The showman on his own stage
Arguably, no other contemporary political figure has explored the relationship between power and media more radically than Volodymyr Zelenskyy. In 2019, in a stunning display of political technology at work, the widely popular actor and scriptwriter stepped into the presidency straight out of a political sitcom. He lost much of his record-high support after two years in charge. However, to the amusement of observers both at home and abroad, Zelenskyy regained it as he transformed into a wartime leader and a global media icon in response to Russia’s invasion.
The impact of Zelenskyy’s undeniably charismatic persona and communication skills on popular sentiments in Ukraine and abroad cannot be dismissed. His bold and empathetic narrative of Ukrainians’ plight defined the understanding and experience of the war for millions. His daily updates in the form of short videos, cinematically produced clips and constant engagements with the people kept audiences focused on the war. Nonetheless, as Olga Onuch and Henry E. Hale argue in their book, The Zelensky Effect, many observers fail to understand that Zelensky’s role in the beginning of the invasion is “less about the man himself than about the civic nation he embodies”.

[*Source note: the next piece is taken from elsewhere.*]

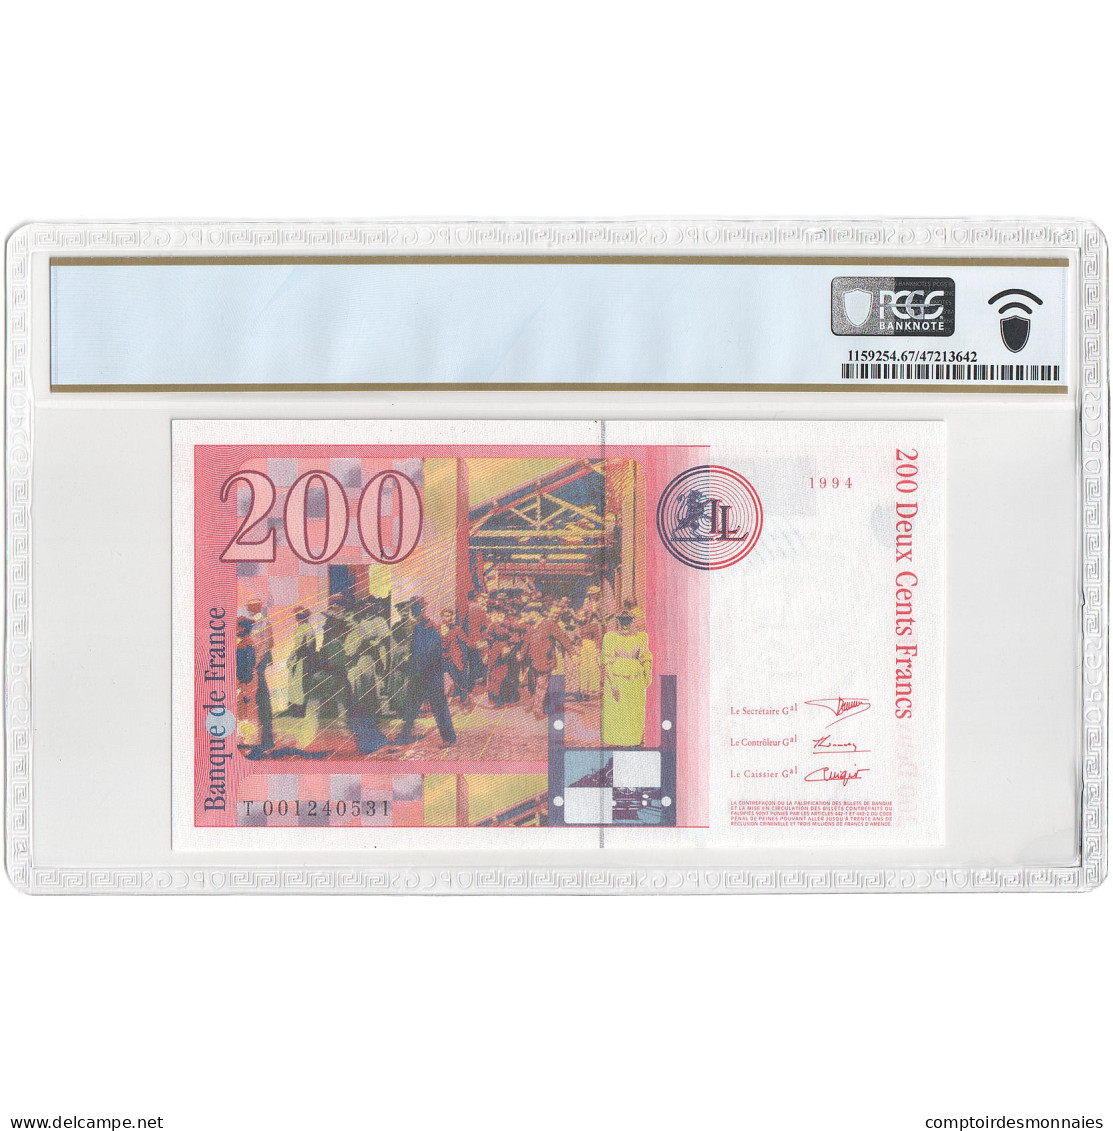 France, 200 Francs, Frères Lumière, T001240531, Unissued Bank Note, NEUF - Specimen

Direct, emotional messaging; everyman rhetoric; calls to unity; and promises of a new Ukraine have been the backbone of Zelenskyy’s political repertoire since he announced his presidential bid during the Kvartal 95 New Year’s Eve concert in the last minutes of 2018. On the other hand, the president/showman, as the American journalist Simon Shuster described him in his recent book, has always kept his distance from independent media outlets and has preferred to get his message to the public first via social media and later via state-controlled TV. Critics have noted that after the full-scale invasion, he also preferred foreign journalists, ensuring his star continued to shine bright without Ukrainian peers asking him difficult questions. Most importantly, however, since before the full-scale invasion, and especially after it, Zelenskyy, whose comic image overshadowed his careers as an influential producer and media manager, has been carefully constructing an increasingly tight media apparatus. This has given him more control over the media than any of his predecessors.
Telemarathon
For the Ukrainian public, this approach is epitomized by the so-called “Telemarathon”. On the first day of the invasion, the main Ukrainian TV channels came together to broadcast the same round-the-clock programming co-produced with state officials. When Russian troops were attempting to invade Kyiv, the move was widely seen as vital for ensuring order and countering disinformation. In a conversation back in July 2022, the then-Minister of Culture Oleksandr Tkachenko told me that the “unified information policy” pursued by the government is “moderate in its philosophy”, as it does not fully use the provisions of Ukrainian martial law legislation allowing the authorities to take over media outlets, stop their work and introduce military censorship.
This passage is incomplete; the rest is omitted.